编写一个 SQL 查询,查找所有至少连续出现三次的数字。
返回的结果表中的数据可以按 任意顺序 排列。
查询结果格式如下面的例子所示:
Logs 表:
+----+-----+
| Id | Num |
+----+-----+
| 1 | 1 |
| 2 | 1 |
| 3 | 1 |
| 4 | 2 |
| 5 | 1 |
| 6 | 2 |
| 7 | 2 |
+----+-----+
Result 表:
+-----------------+
| ConsecutiveNums |
+-----------------+
| 1 |
+-----------------+
1 是唯一连续出现至少三次的数字。
解法一:
通过自表连接找到当前id的下一个和下下一个进行连接,然后通过条件判断获取当前的num等于下面连这两个的num的num值,然后进行去重操作,这样就获得了连续出现三次的num,这种写法没有考虑id不连续,以及若出现n次连续的情况,可用性不高
代码示例:
select distinct a.Num as ConsecutiveNums from logs as a
left join logs as b on a.id = b.id+1
left join logs as c on a.id = c.id+2
where a.Num = b.Num and a.Num = c.Num;
解法二:
1、首先考虑若id不连续的情况出现的话我们就需要多查询一列来构造连续的一列,这里可以用到窗口函数 row_number()

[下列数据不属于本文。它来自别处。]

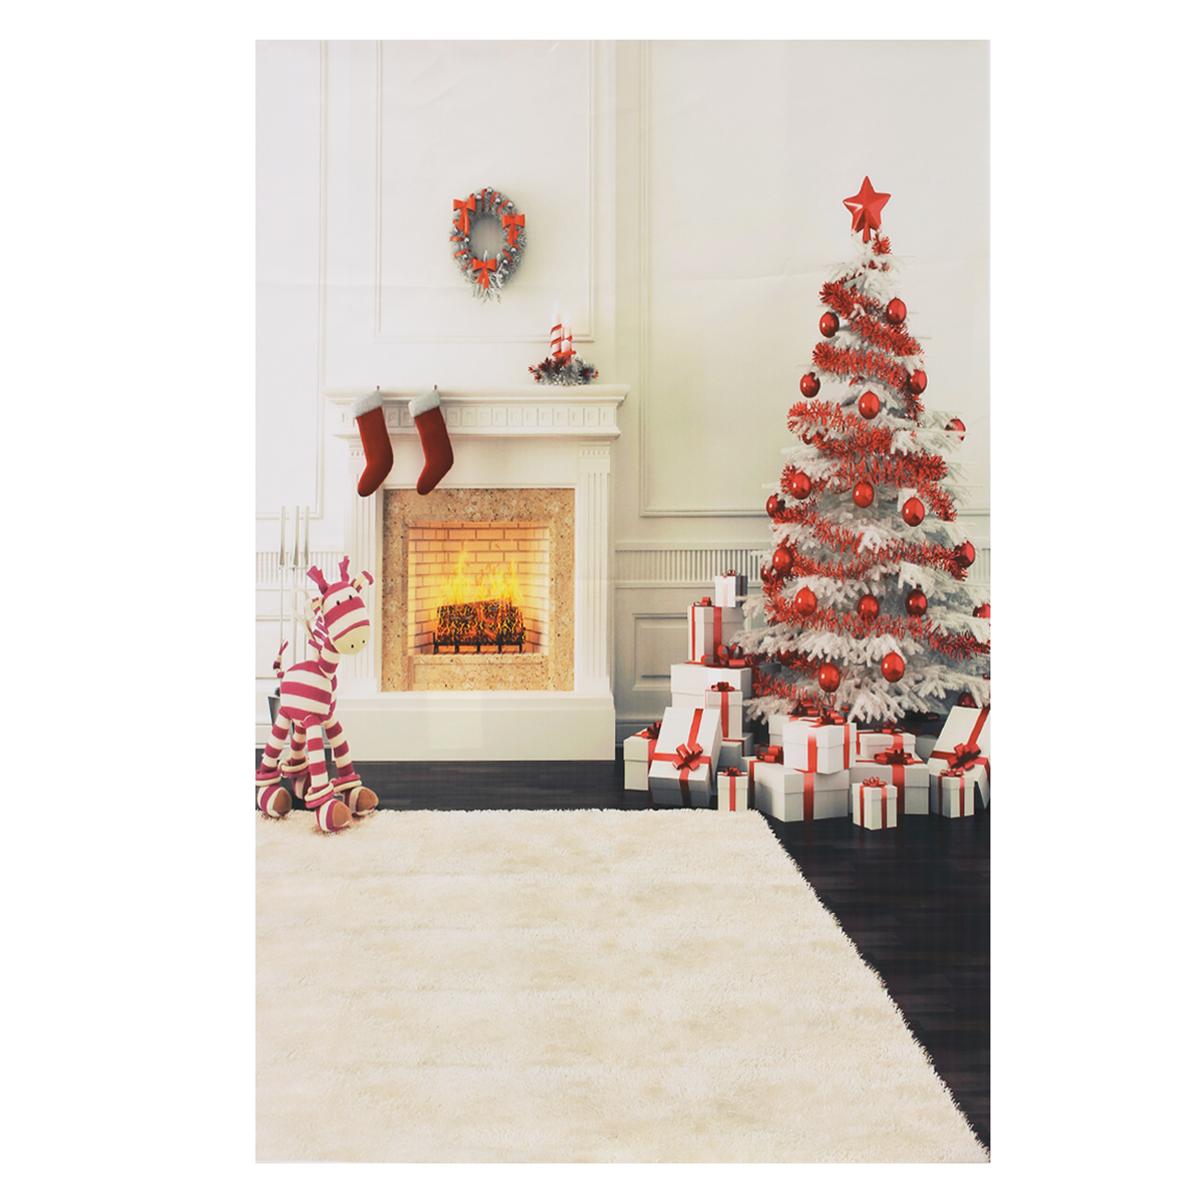 900x600mm toile de fond studio photo noel affiche de soie d cor d coration achat vente fond. Black Bedroom Furniture Sets. Home Design Ideas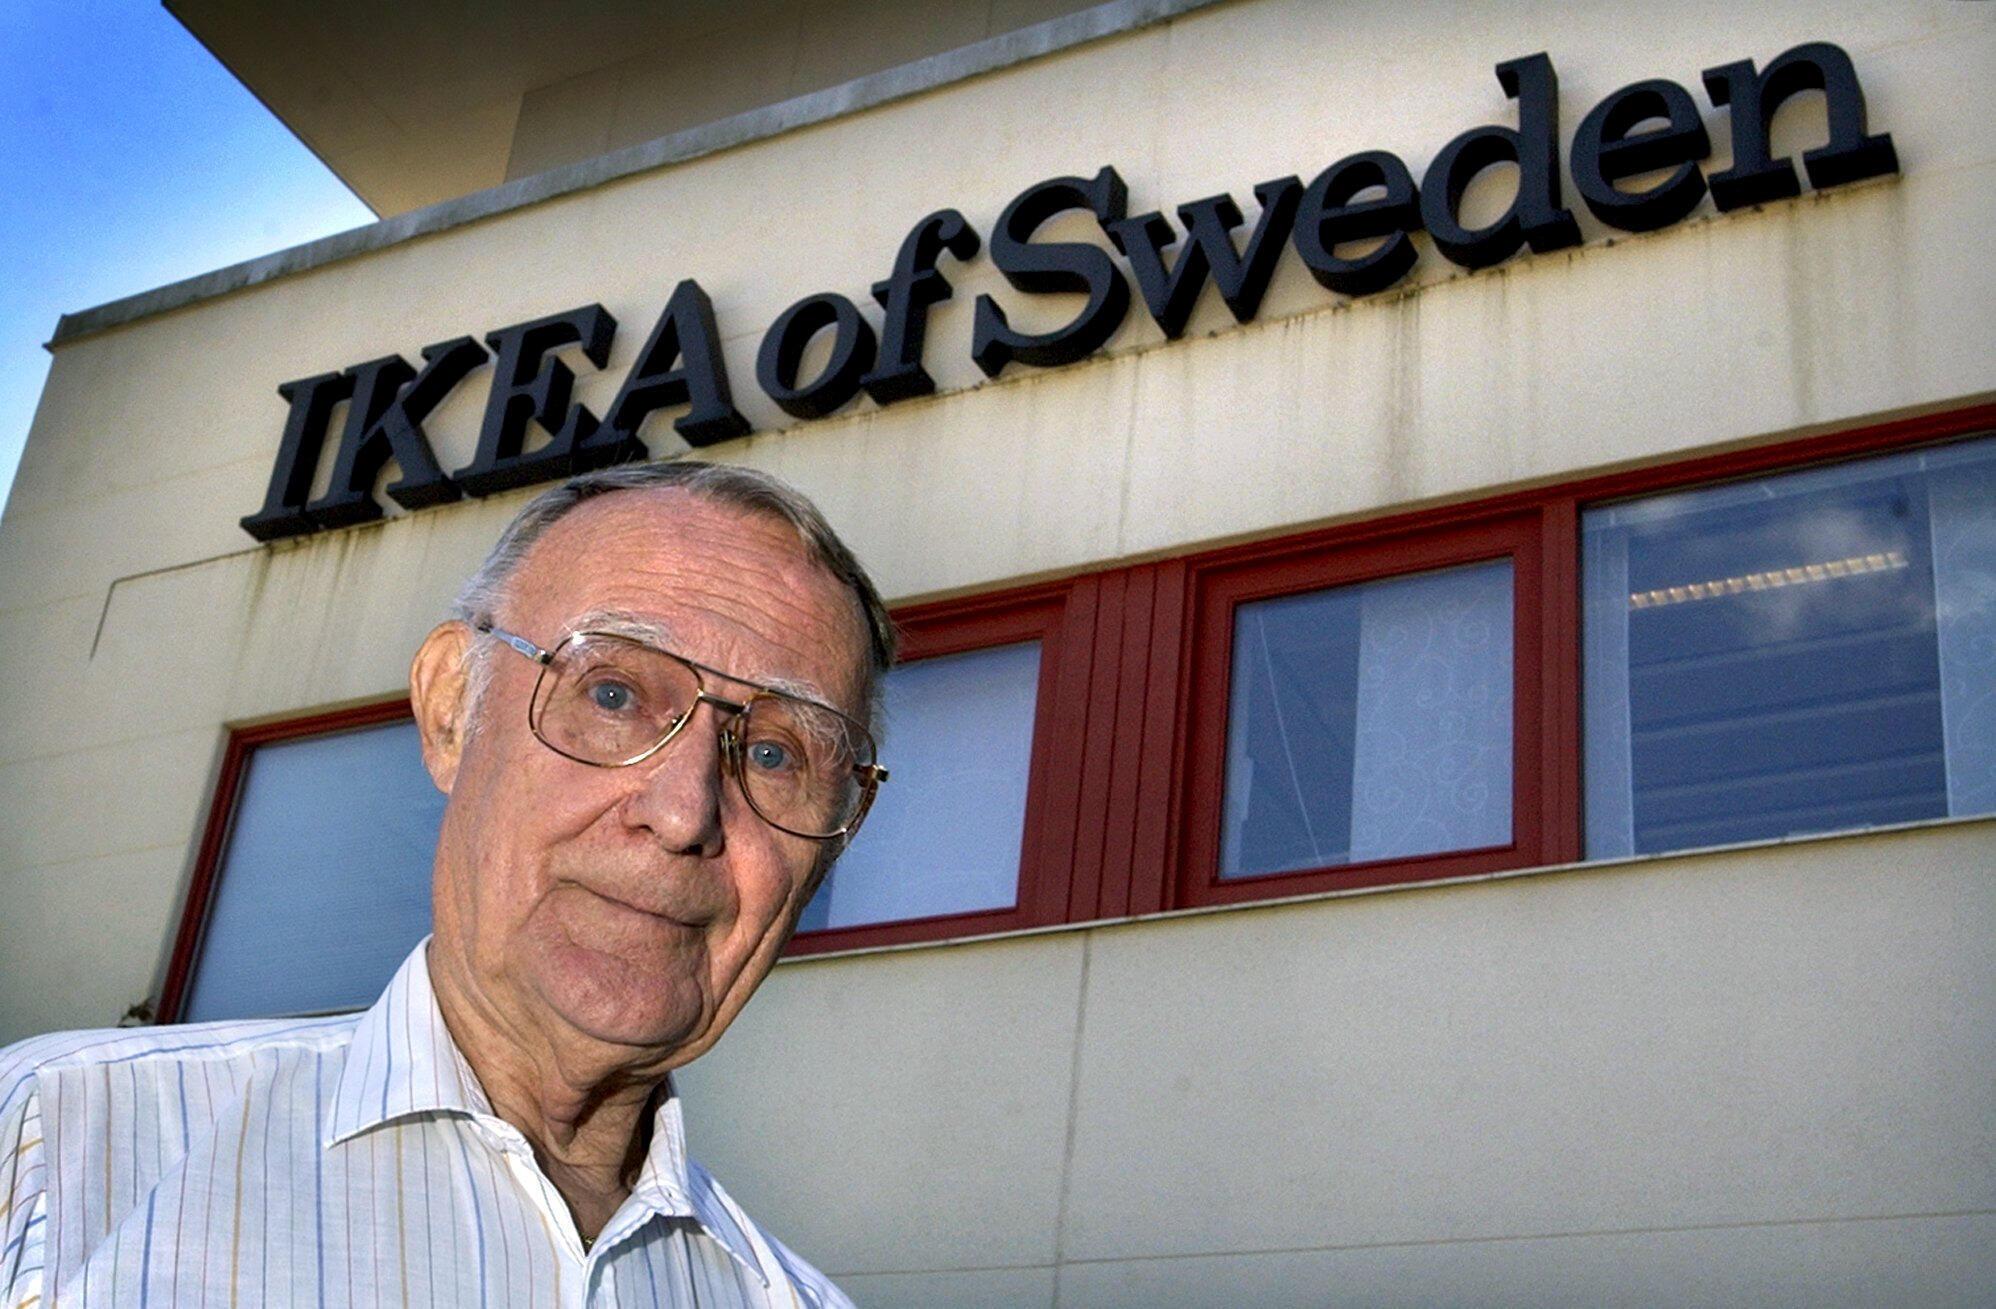 瑞典宜家集團創始人坎普拉德資料圖片

select *,row_number() over (order by id) as new_id from Logs;
这样可以实现若id不连续,通过查询构建一个连续的列new_id,具体实现如下表
| id | num | new_id |
|---|---|---|
| 1 | 2 | 1 |
| 3 | 2 | 2 |
| 4 | 3 | 3 |
| 7 | 3 | 4 |
| 8 | 3 | 5 |
| 9 | 2 | 6 |
2、然后在通过分组查询将num一致的列分组排序查询
select *,row_number over (partition by Num order by id) as new_order from Logs;
运行结果如下表
| id | num | new_order |
|---|---|---|
| 1 | 2 | 1 |
| 3 | 2 | 2 |
| 9 | 2 | 3 |
| 4 | 3 | 1 |
| 7 | 3 | 2 |
| 8 | 3 | 3 |
sql示例:
select *,row_number() over(order by id) as new_id,
row_number() over (partition by Num order by id) as new_order
from Logs;
运行结果如下表:
| id | num | new_id | new_order |
|---|---|---|---|
| 1 | 2 | 1 | 1 |
| 3 | 2 | 2 | 2 |
| 9 | 2 | 6 | 3 |
| 4 | 3 | 3 | 1 |
| 7 | 3 | 4 | 2 |
| 8 | 3 | 5 | 3 |
将这两次查询联合起来我们可以发现规律:
用new_id减去new_order的值只要相同,那么他们就是连续的。也就是:如果一个num连续出现时,那么它出现的[真实序列]-它出现的次数一定是个定值。解题思路:第一步就是首先获取他出现的真实序列,第二步就是获取它出现的次数,然后下一步就是它们之间相减,减完之后若值相同,那么他们一定是连续的。
3、[真实序列]-它出现的次数
select *,
row_number() over(order by id) - row_number() over (partition by Num order by id) as sta,
from Logs;
运行结果表:
| id | num | sta |
|---|---|---|
| 1 | 2 | 0 |
| 3 | 2 | 0 |
| 9 | 2 | 3 |
| 4 | 3 | 2 |
| 7 | 3 | 2 |
| 8 | 3 | 2 |
可以看出有两个连续的数,一个是id为1、3的两个连续,另一个是4、7、8三个连续,根据数据可以看出没有问题,那么我们就可以通过这个来找出连续出现n次的数据。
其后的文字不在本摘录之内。